HYPOTHESIS TESTING: CONFIDENCE INTERVALS, T-TESTS, ANOVAS, AND REGRESSION

HYPOTHESIS TESTING: CONFIDENCE INTERVALS, T-TESTS, ANOVAS, AND REGRESSION HYPOTHESIS TESTING: CONFIDENCE INTERVALS, T-TESTS, ANOVAS, AND REGRESSION HOD 2990 10 November 2010 Lecture Background This is a lightning speed summary of introductory statistical methods for senior undergraduate

More information

Indices of Model Fit STRUCTURAL EQUATION MODELING 2013

Indices of Model Fit STRUCTURAL EQUATION MODELING 2013 Indices of Model Fit STRUCTURAL EQUATION MODELING 2013 Indices of Model Fit A recommended minimal set of fit indices that should be reported and interpreted when reporting the results of SEM analyses:

More information

One-Way Analysis of Variance

One-Way Analysis of Variance One-Way Analysis of Variance Note: Much of the math here is tedious but straightforward. We ll skim over it in class but you should be sure to ask questions if you don t understand it. I. Overview A. We

More information

5. Linear Regression

5. Linear Regression 5. Linear Regression Outline.................................................................... 2 Simple linear regression 3 Linear model............................................................. 4

More information

Session 7 Bivariate Data and Analysis

Session 7 Bivariate Data and Analysis Session 7 Bivariate Data and Analysis Key Terms for This Session Previously Introduced mean standard deviation New in This Session association bivariate analysis contingency table co-variation least squares

More information

Module 5: Multiple Regression Analysis

Module 5: Multiple Regression Analysis Using Statistical Data Using to Make Statistical Decisions: Data Multiple to Make Regression Decisions Analysis Page 1 Module 5: Multiple Regression Analysis Tom Ilvento, University of Delaware, College

More information

2. Simple Linear Regression

2. Simple Linear Regression Research methods - II 3 2. Simple Linear Regression Simple linear regression is a technique in parametric statistics that is commonly used for analyzing mean response of a variable Y which changes according

More information

Two-sample hypothesis testing, II 9.07 3/16/2004

Two-sample hypothesis testing, II 9.07 3/16/2004 Two-sample hypothesis testing, II 9.07 3/16/004 Small sample tests for the difference between two independent means For two-sample tests of the difference in mean, things get a little confusing, here,

More information

Example: Boats and Manatees

Example: Boats and Manatees Figure 9-6 Example: Boats and Manatees Slide 1 Given the sample data in Table 9-1, find the value of the linear correlation coefficient r, then refer to Table A-6 to determine whether there is a significant

More information

Elements of statistics (MATH0487-1)

Elements of statistics (MATH0487-1) Elements of statistics (MATH0487-1) Prof.

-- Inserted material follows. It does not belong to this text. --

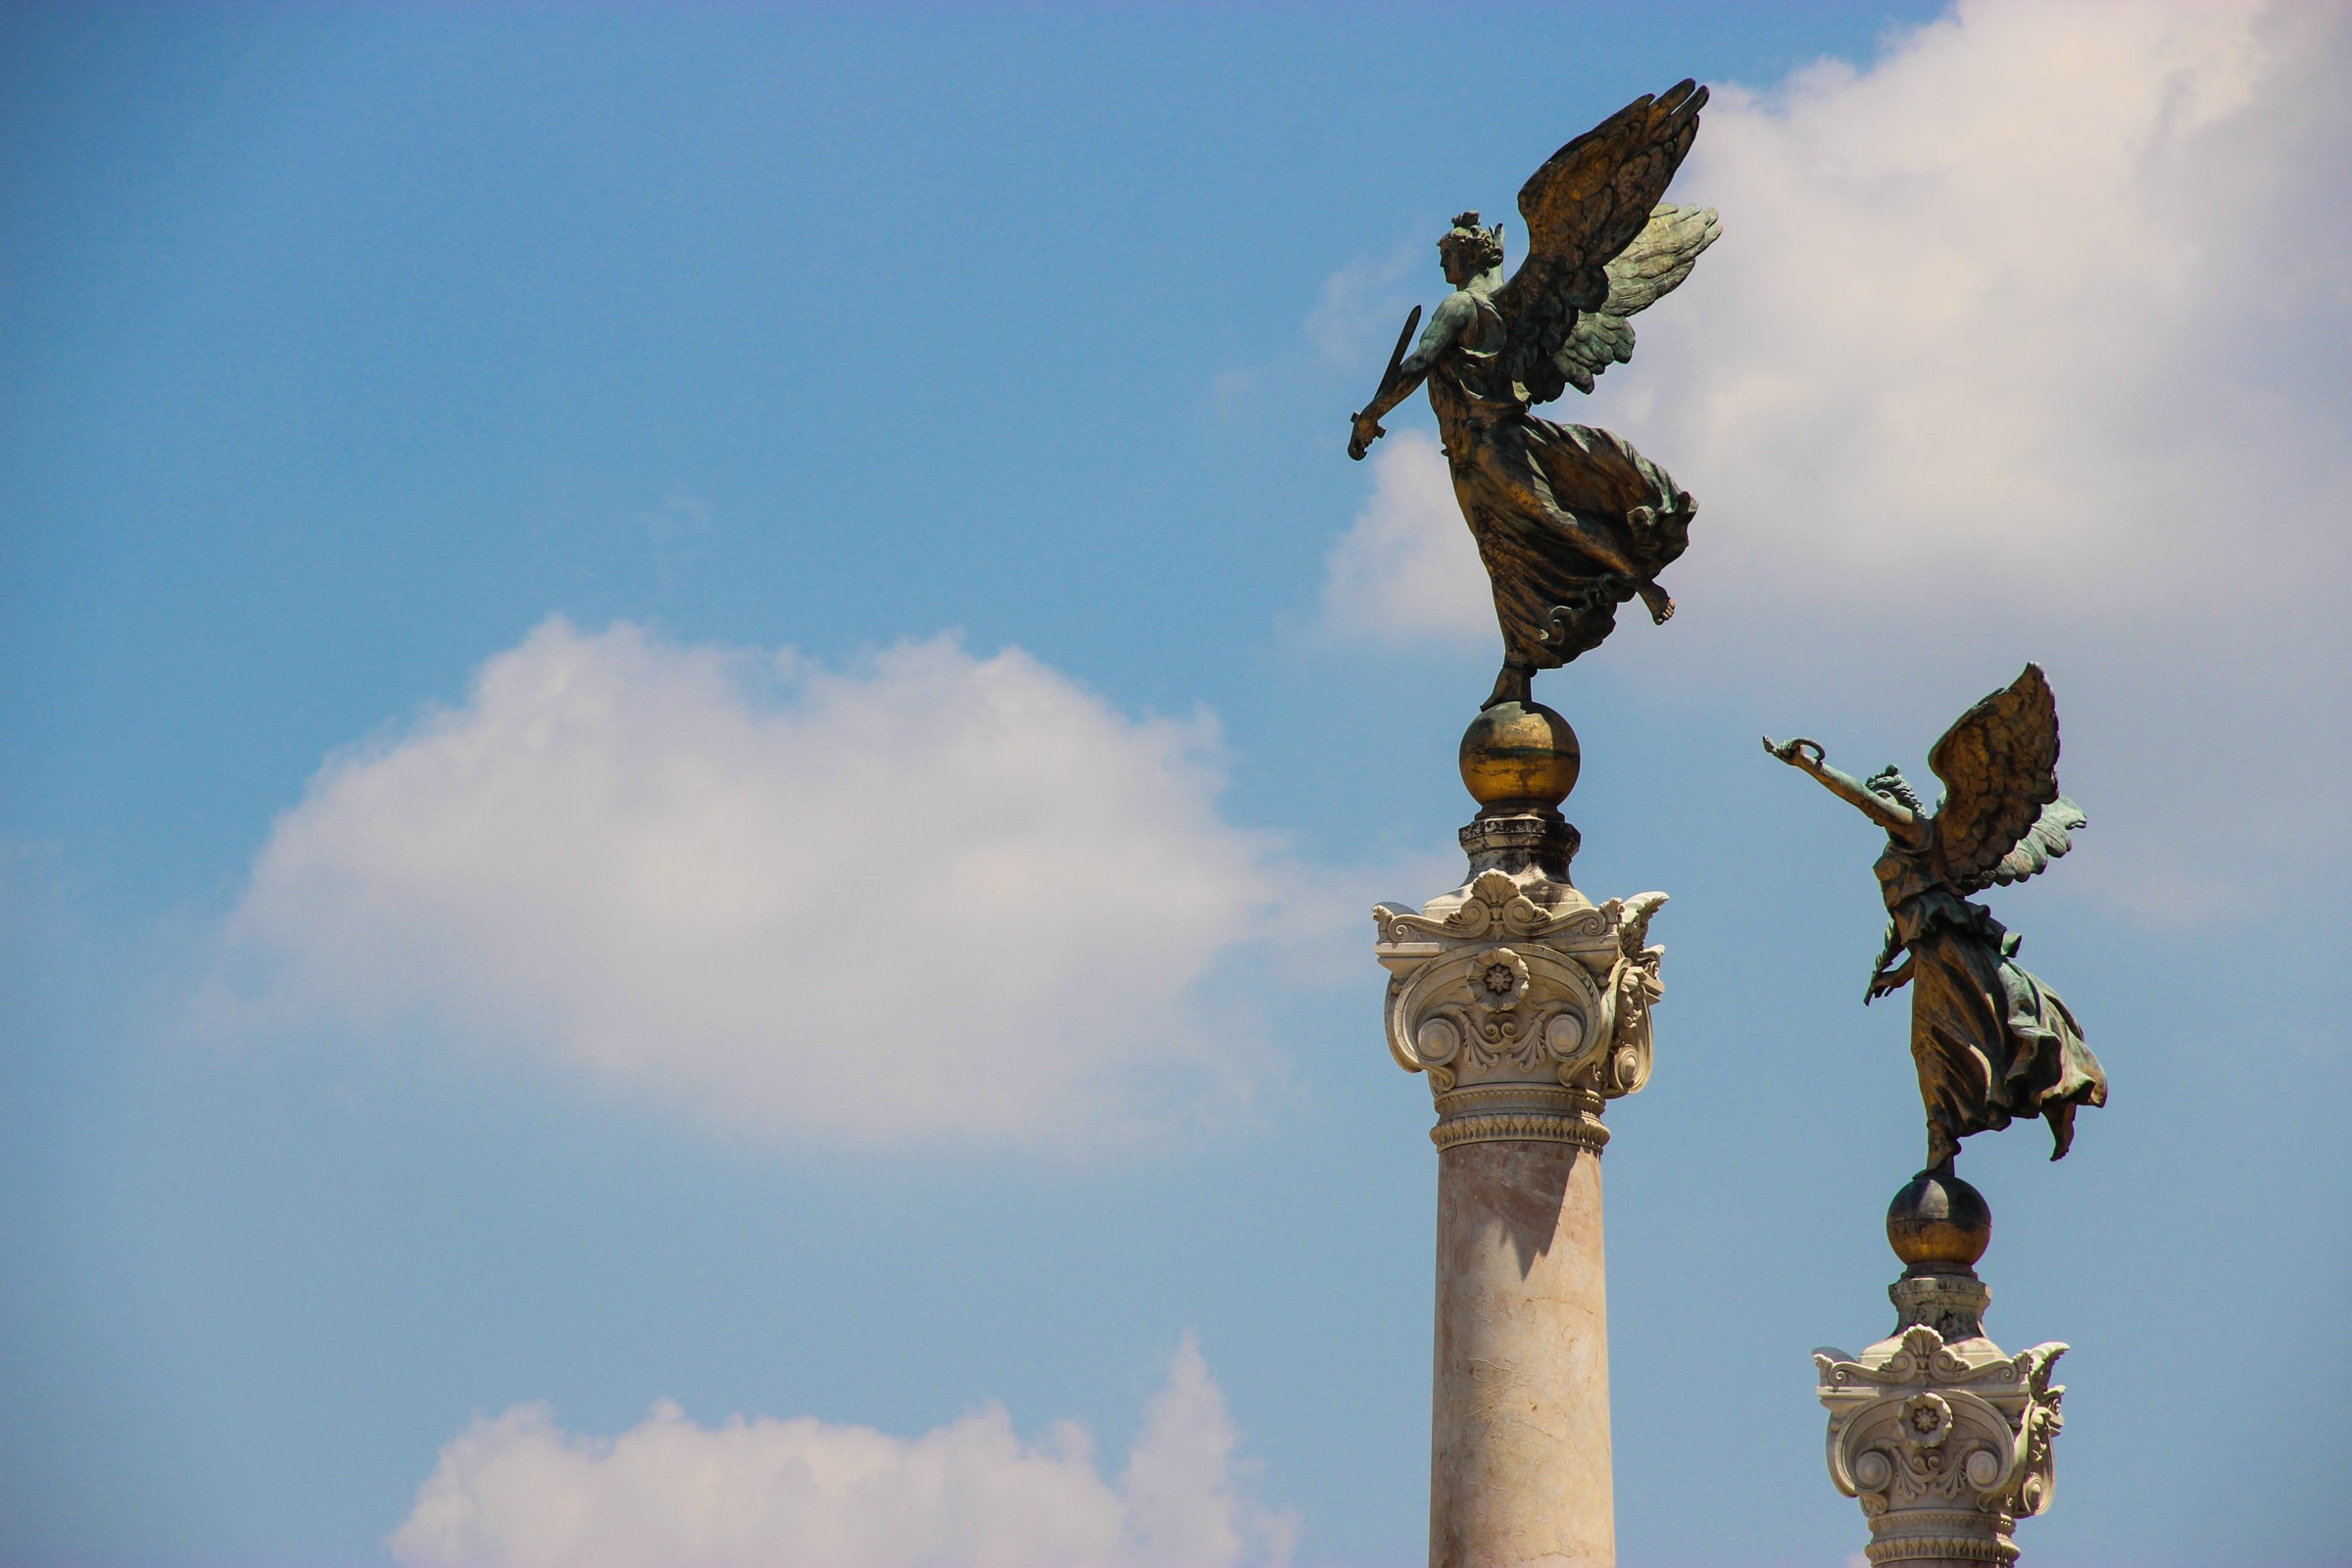 Bronze Winged Statues On Pillars

Dr. Dr. K. Van Steen University of Liège, Belgium December 10, 2012 Introduction to Statistics Basic Probability Revisited Sampling Exploratory Data Analysis -

More information

Part 1 Expressions, Equations, and Inequalities: Simplifying and Solving

Part 1 Expressions, Equations, and Inequalities: Simplifying and Solving Section 7 Algebraic Manipulations and Solving Part 1 Expressions, Equations, and Inequalities: Simplifying and Solving Before launching into the mathematics, let s take a moment to talk about the words

More information

I L L I N O I S UNIVERSITY OF ILLINOIS AT URBANA-CHAMPAIGN

I L L I N O I S UNIVERSITY OF ILLINOIS AT URBANA-CHAMPAIGN Beckman HLM Reading Group: Questions, Answers and Examples Carolyn J. Anderson Department of Educational Psychology I L L I N O I S UNIVERSITY OF ILLINOIS AT URBANA-CHAMPAIGN Linear Algebra Slide 1 of

More information

Overview Classes. 12-3 Logistic regression (5) 19-3 Building and applying logistic regression (6) 26-3 Generalizations of logistic regression (7)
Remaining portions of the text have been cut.